Well, they tell me my reversal was to go in todays mail. I should be on my way to being a free man again! :smt023 Whew! It can't get here soon enough to suit me. I hope to be in business this weekend. Provided I can get hooked up with the dealer and make the purchase. Knowing my luck, the postal service will drop the ball and loose the reversal. Trust me, I know how my luck runs. With luck, I will be fondling a new XD this Sat.


----------



## R.J.Adams (Apr 10, 2008)

Finally! Got the paperwork today, and the XD is home.:smt023 I also picked up a Blackhawk Serpa for it. I disassembled it and after a little cleaning and lubing, fired a few just to take the edge off. It seems to like Blazer Brass, believe it or not. The Winny white box shot decent, but the Blazer worked very well. I will shoot an actual "target" in a day or two to post. This was an address label and some cardboard,lol. Nice and easy on the hand recoil wise. Easy to reach trigger. ( I have the worlds shortest index finger.) The sights are serviceable, but When it goes to Springer this winter, I will likely up-grade them. So far she is a keeper. :mrgreen:


----------



## JeffWard (Aug 24, 2007)

Congrats and enjoy...

Be careful not to let that XD next to another one. Mine are reproducuing like rabbits. Now I have 3...

JW


----------



## R.J.Adams (Apr 10, 2008)

I can see how that could happen.
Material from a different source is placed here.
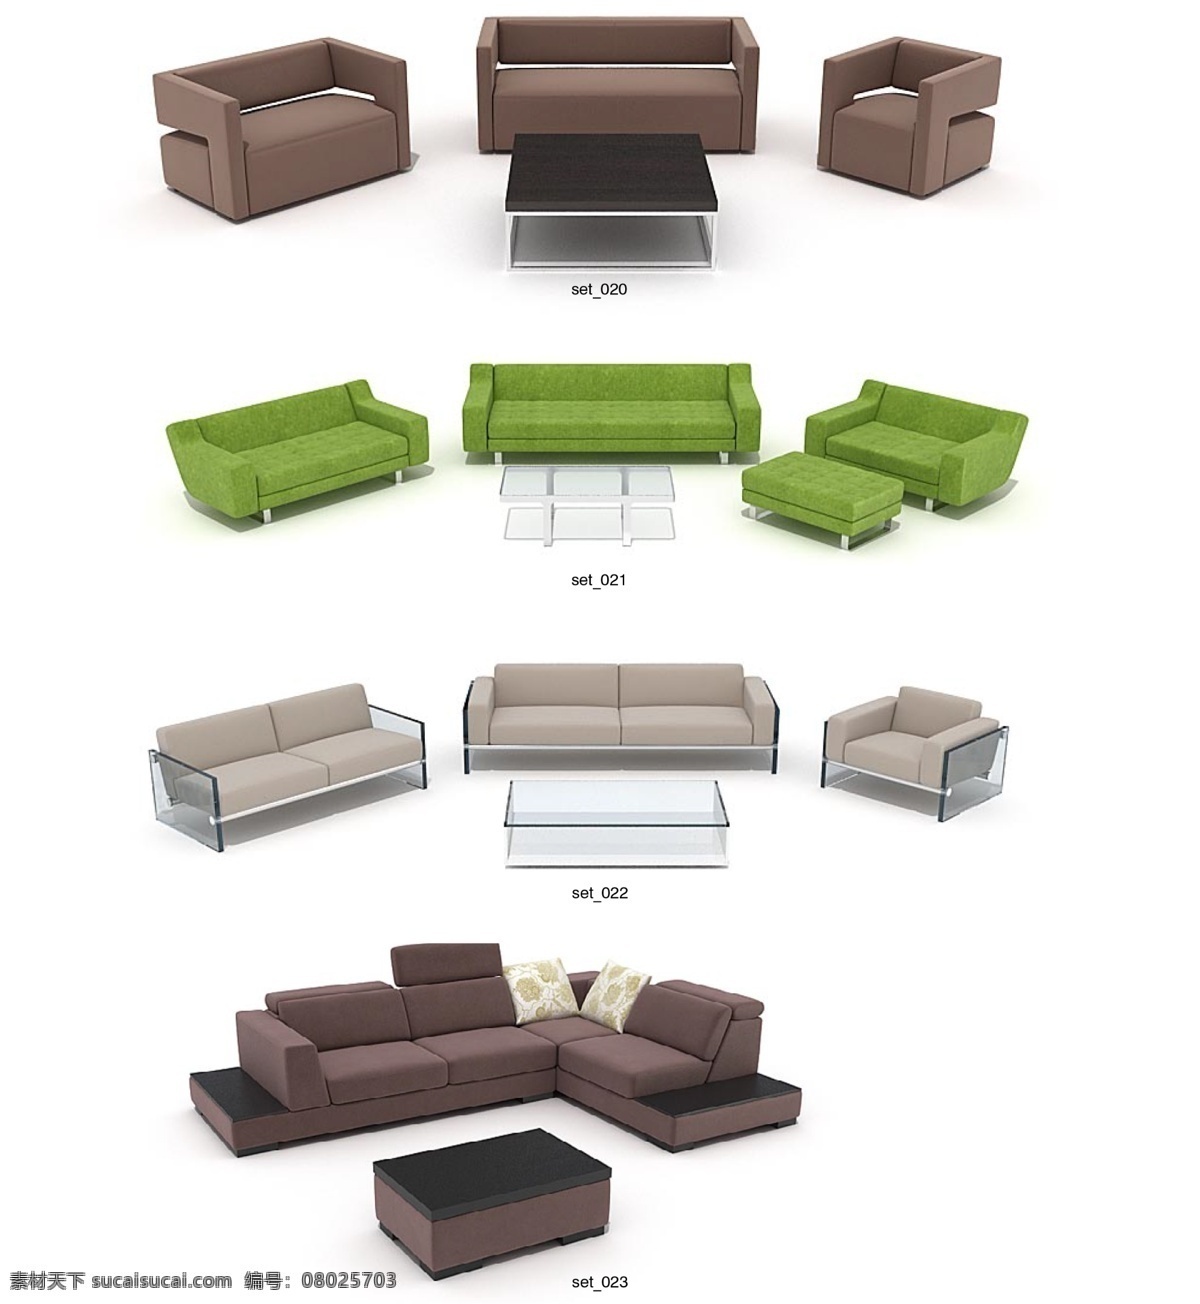 精美 沙发椅子 茶几 max 模型 带 材质 贴图 3d家具模型 3d模型素材 3d设计模型 办公椅 创意沙发 家具模型 欧式家具 沙发 3d 精美家具模型 白色

I think I need more of these things myself! I shot this target this evening off one knee, with my left elbow resting on the other knee. I must admit, I triggered the first one a little off the mark . But the trigger isn't to blame. Actually, it is a pretty good trigger. Not bad at all. Now I need a Tac and a 9mm to round out the family :mrgreen:. I'm very happy with this new shooter!


----------